Next, we fabricated macroscopically polarized films with unidirectionally aligned CsPbBr3 perovskite nanowires that show a periodic (cos2θ) dependence on angle with an emission polarization ratio, P=III+I=0.48±0.02, using a 50-μm nozzle. The degree of alignment achieved, albeit lower than desired, is comparable to other patterning methods (table S5). P can be enhanced to 0.71 ± 0.03 using a pair of polarizers, one in the excitation path and the other in the emission path (Fig. 2B). Additional emission polarization measurements from filaments printed using different nozzle sizes are shown in figs. S7 and S11. As a control, we also printed nanocomposites from inks composed of PS (Mp = 700 kDa) at the same polymer concentration in toluene (fig. S4) and compared their degree of polarization. Not unexpectedly, the printed SIS-CsPbBr3 perovskite nanowire features exhibited consistently higher polarization ratios than those composed of pure PS (fig. S11) due to microdomain confinement effects (27). Figure 2C shows direct writing of these nanowire-block copolymer inks in the form of an Escher-inspired image. The as-printed structure uniformly emits green light (left). However, when viewed using polarizers, swans (middle, horizontal polarization) or fish (right, vertical polarization) emerge due to differences in nanowire alignment, which vary orthogonally between printed features.
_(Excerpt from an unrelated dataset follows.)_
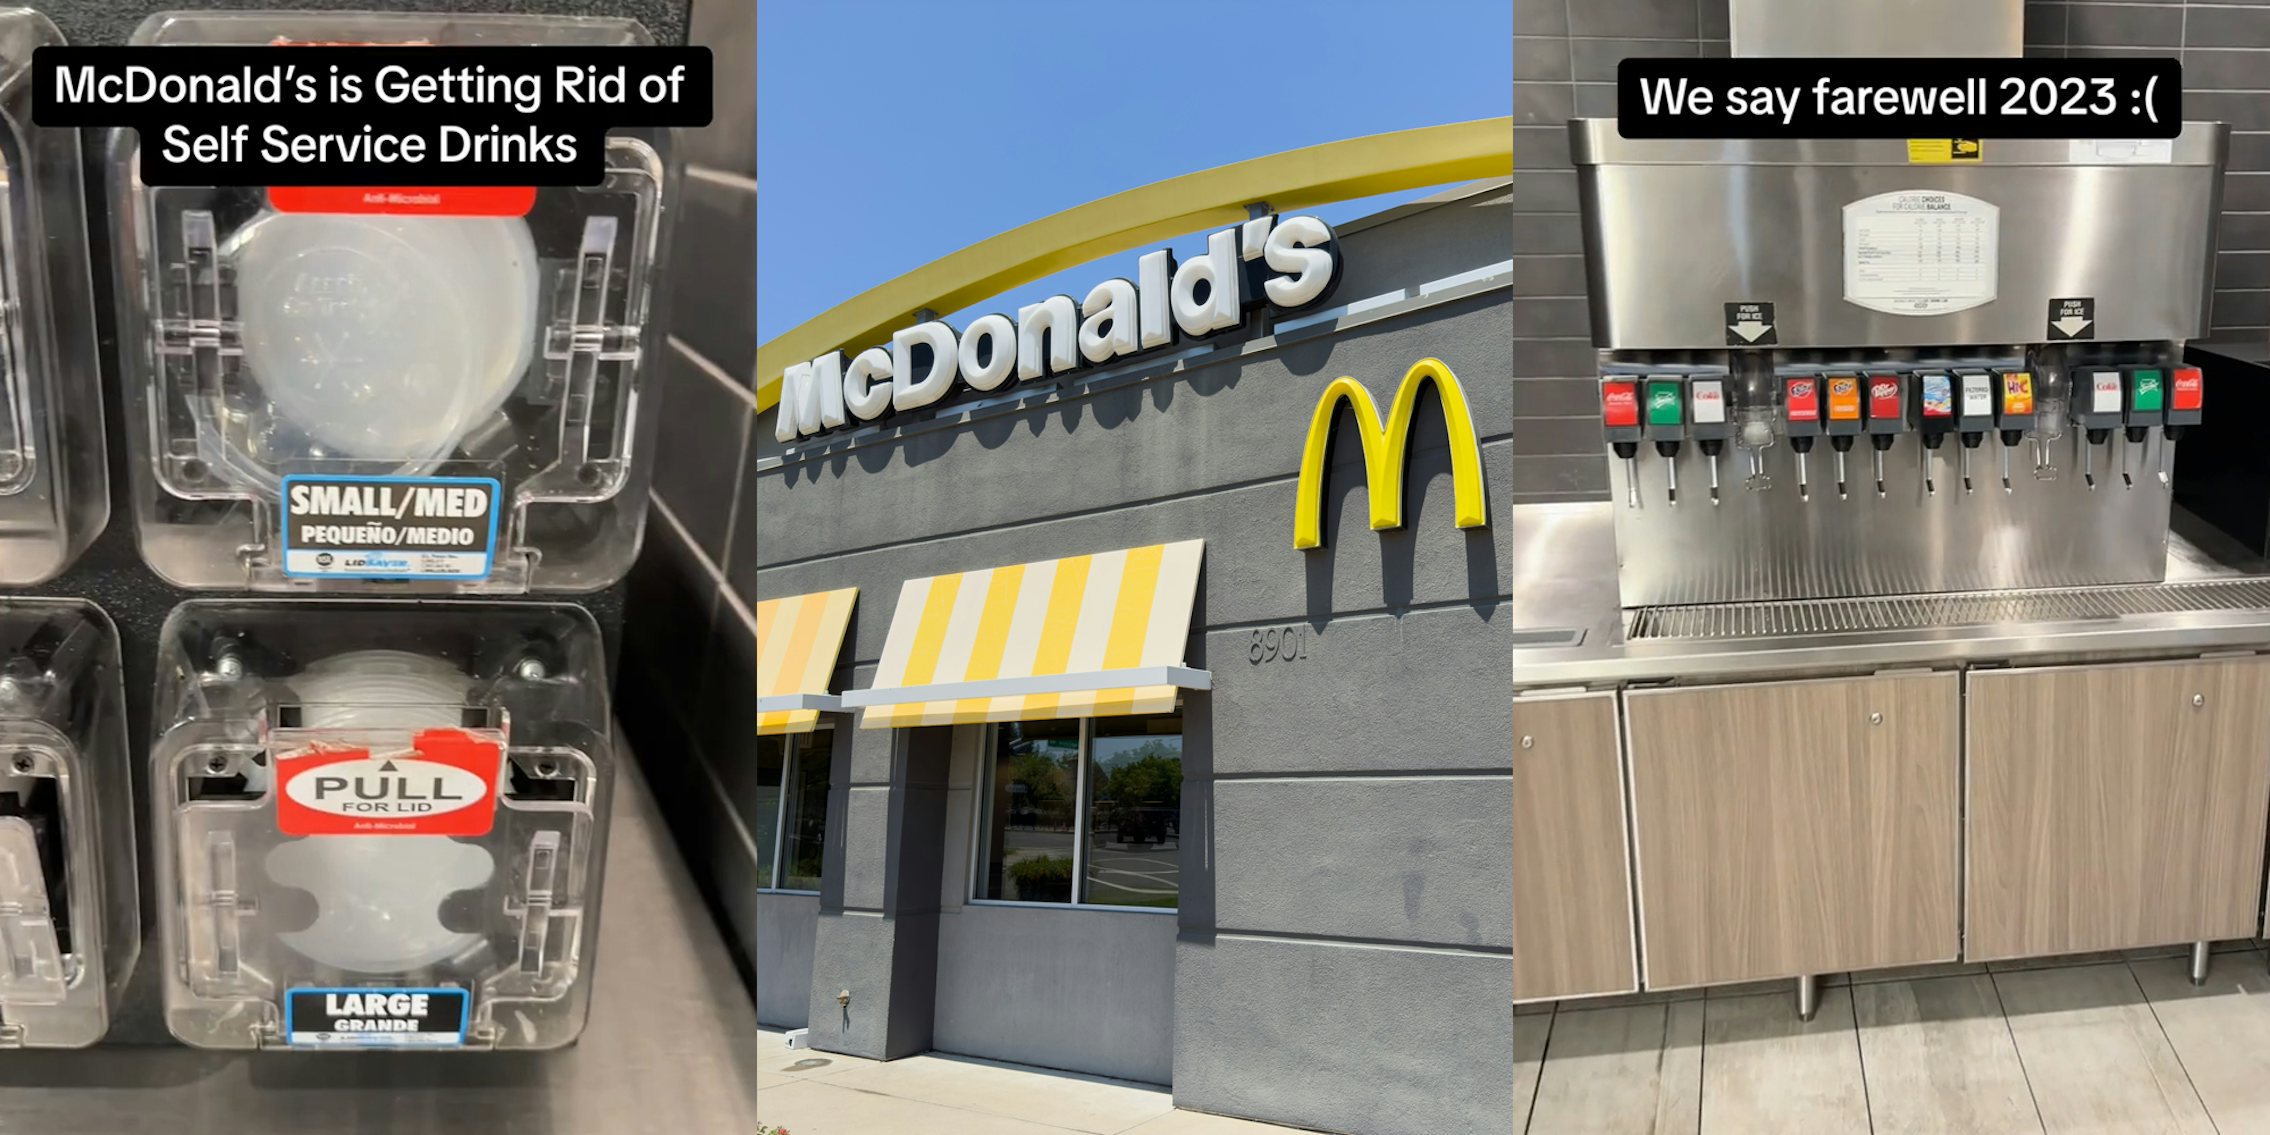 McDonald's self service drink station lids with caption 'McDonald's is Getting Rid of Self Serve Drinks' (l) McDonald's building with signs (c) McDonald's self serve drink station with caption 'We say farewell 2023:(' (r)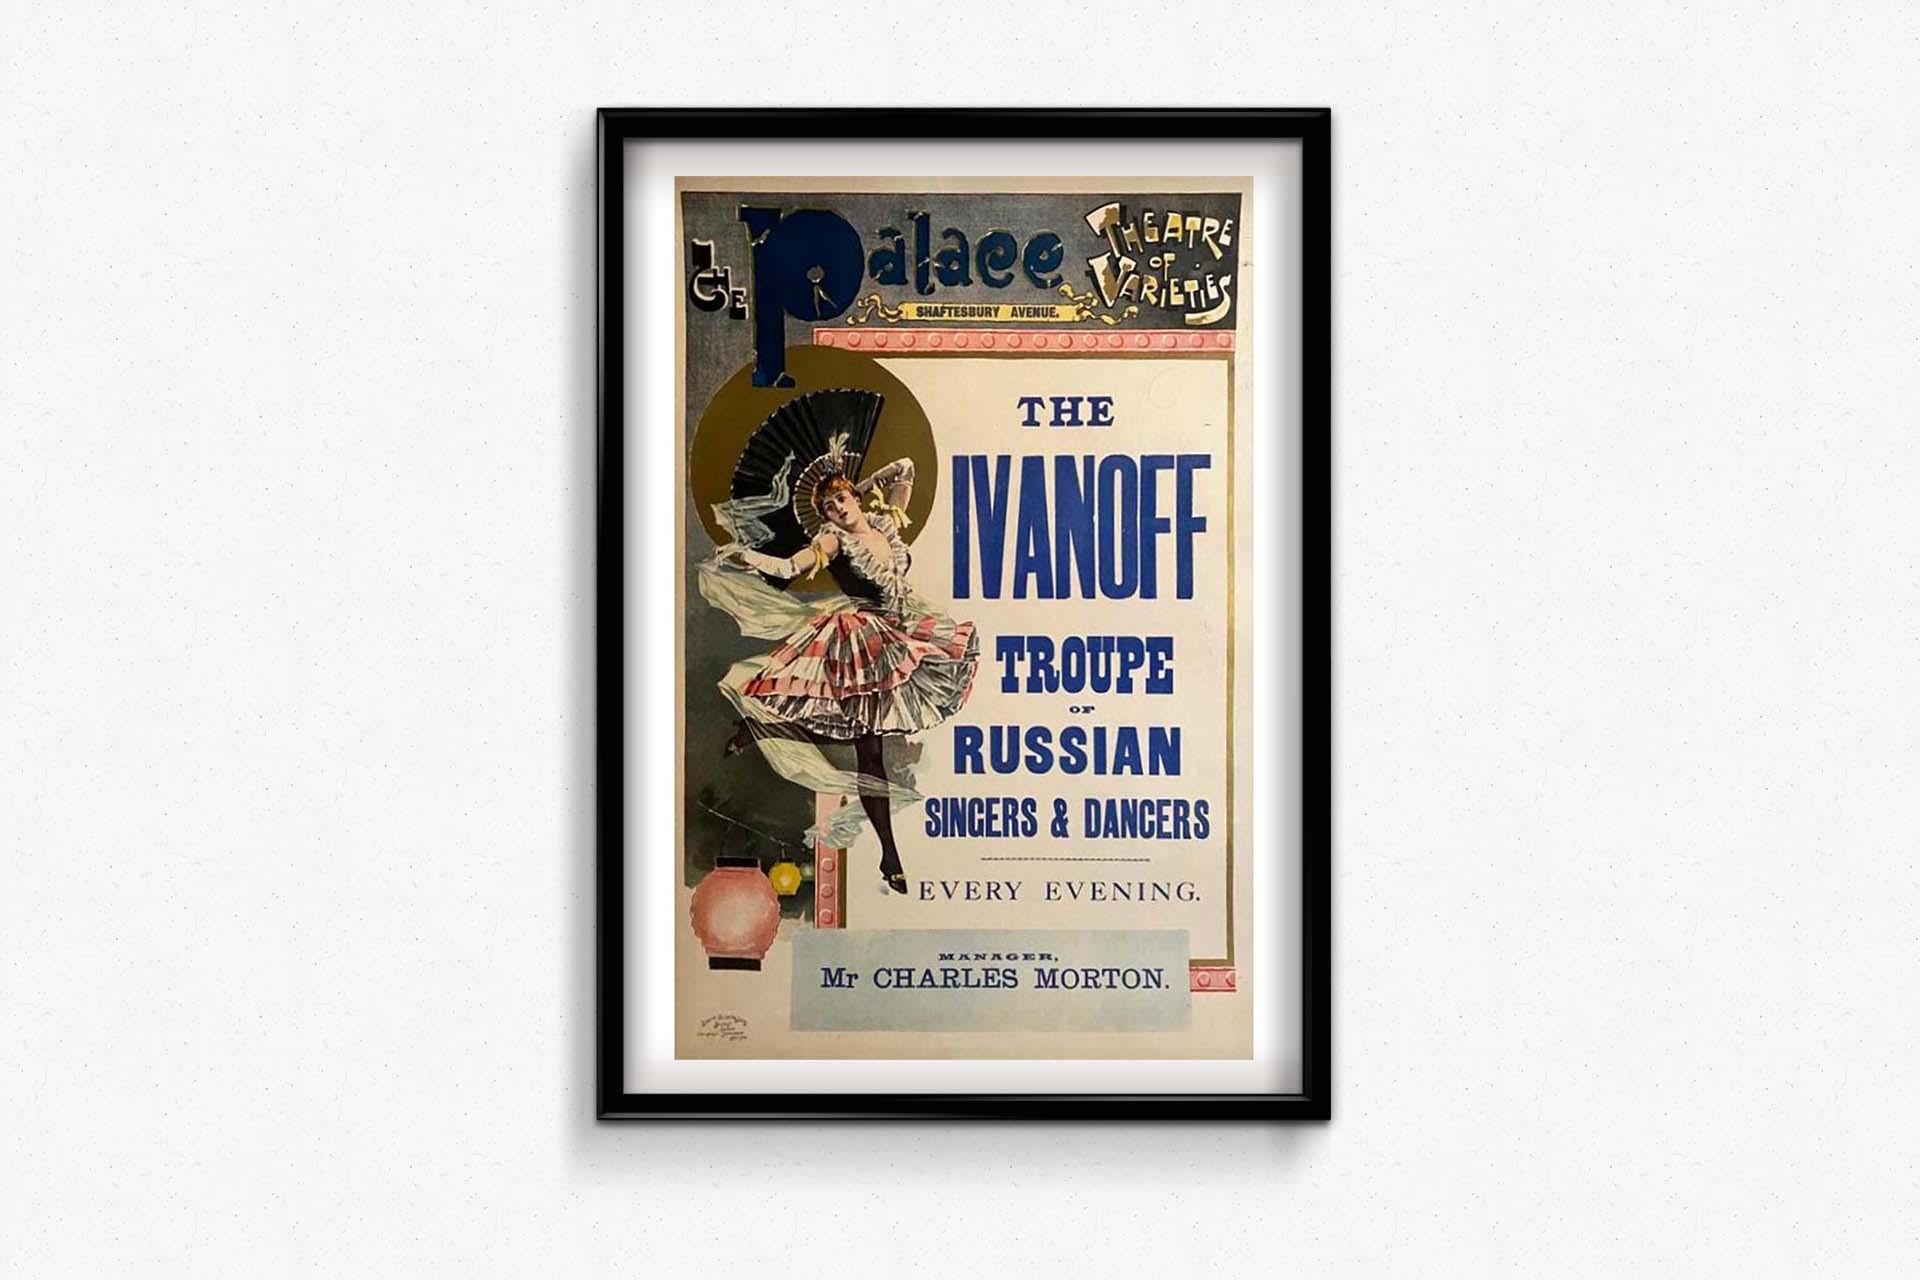 Crafted around the turn of the 20th century, the original poster advertising

The ability to digitally program polarization anisotropy in 3D-printed nanocomposites may open new avenues for optical device fabrication. As one example, we fabricated a 3-bit grayscale image consisting of 200 μm × 200 μm size square-shaped pixels (Fig. 3A). We achieved different grayscale intensities by printing SIS-CsPbBr3 nanocomposites oriented along eight different directions corresponding to eight equally spaced polarization-dependent PL intensities (Fig. 3A, right). These patterned architectures serve as optical memories for write once–read many (WORM) times devices. In addition, these architectures may be suitable for security encryption, i.e., the patterned image can be readily encrypted without using a polarizer or switching off the excitation. Encryptable memories in more complex motifs can be obtained by printing multilayer architectures, in which each layer stores different optical information. For example, two orthogonally printed patterns emerge sequentially as one views the bilayer photonic hologram using a pair of polarizers that switched from the horizontal to vertical direction (Fig. 3B). To extend this concept, we patterned the letters “L-I-G-H-T” within a five-layer device, each of which is viewed at different heights (fig. S12). Using embedded 3D printing (33), an emerging variant of direct writing in which inks are printed omnidirectionally within a viscoplastic matrix, we printed the letters “H” and “I” in random orientations. Using polarized ultraviolet (UV) light illumination, each of these letters can be selectively viewed through the transparent matrix using a polarizer at the appropriate angle (fig. S13).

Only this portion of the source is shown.